Among the two lncRNAs in the model, lncRNA BBOX1-AS1 promotes the progression of gastric, colorectal, and cervical cancer through the ceRNA pathway. 49 –51 Synaptotagmin-1 (SYT1), which is significantly associated with BBOX1-AS1, can promote colon cancer cell proliferation, migration, and invasion. 52 LncRNA FOXP4-AS1 plays an important role in the progression of some cancers, such as osteosarcoma, prostate cancer, and gastric cancer. 53 –57 Similarly, lncRNA FOXP4-AS1 can be predictive of poor prognoses in CRC patients. 58 One of the three most positively significant mRNAs associated with FOXP4-AS1, that is, SLC25A26, which is downregulated owing to gene promoter hypermethylation, can promote cancer cell survival and proliferation. 59 However, the potential mechanisms of these two lncRNAs in CRC require further exploration.
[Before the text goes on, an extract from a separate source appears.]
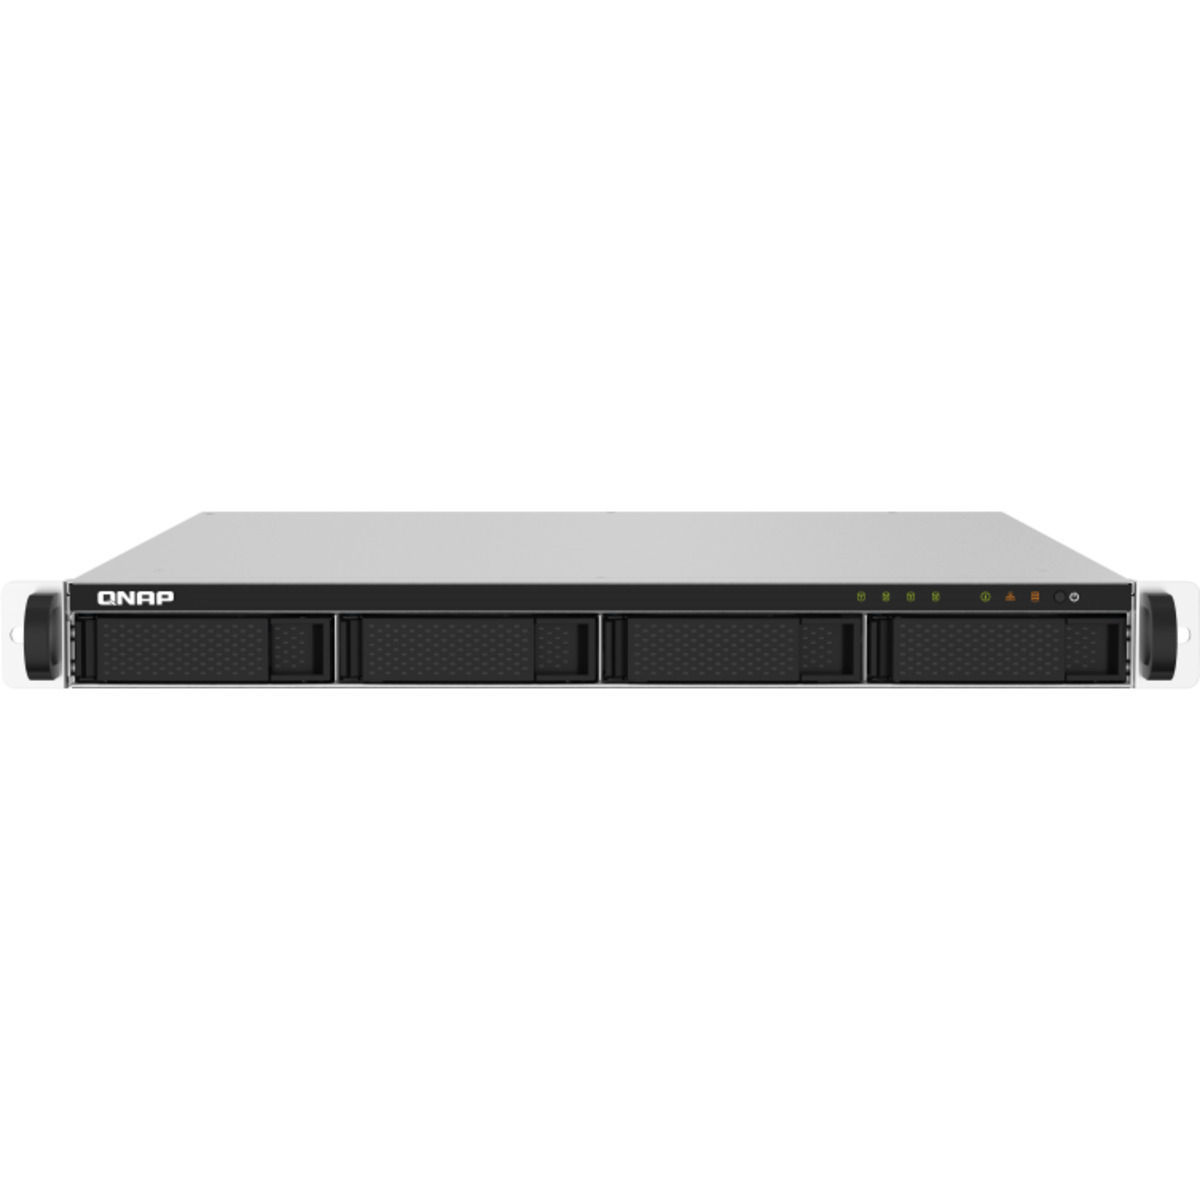 QNAP TS-432PXU-RP 32tb 4-Bay RackMount Personal / Basic Home / Small Office NAS - Network Attached Storage Device 4x8tb Western Digital Red Plus WD80EFPX 3.5 7200rpm SATA 6Gb/s HDD NAS Class Drives Installed - Burn-In Tested - FREE RAM UPGRADE TS-432PXU-RP

An advantage of our study is the use of many methods and tools along with systematic bioinformatics methods to process a large amount of data. Nevertheless, there were some shortcomings. First, there were differences in the sample sizes of the GEO and TCGA datasets. In addition, the prognostic model only incorporated lncRNA expression and did not consider the prognostic impact of other gene changes, such as micro RNA (miRNA) and mRNA expression. In the future, we expect to collect new samples and follow-up data. Moreover, we expect to further explore the mechanism at the molecular biological level while considering more factors that may affect prognosis to construct a more robust and reliable prognostic prediction model, which should be compared with traditional classical prognostic models for clinical application.
In conclusion, we constructed a two-lncRNA model, including lncRNA FOXP4-AS1 and lncRNA BBOX1-AS1, for predicting CRC prognosis. The two-lncRNA model could accurately predict CRC prognosis. In addition, these two lncRNAs could be involved in several pathways associated with CRC progression.
Data Availability Statement
The datasets analyzed during this study are available from the corresponding author upon reasonable request.
Footnotes
Disclosure Statement
No competing financial interests exist.
Funding Information
This work was supported by grants from the Suzhou Science and Technology Development Plan (SYS2019007, SYSD2019023) and Changshu City Science and Technology Development Plan (CS201910).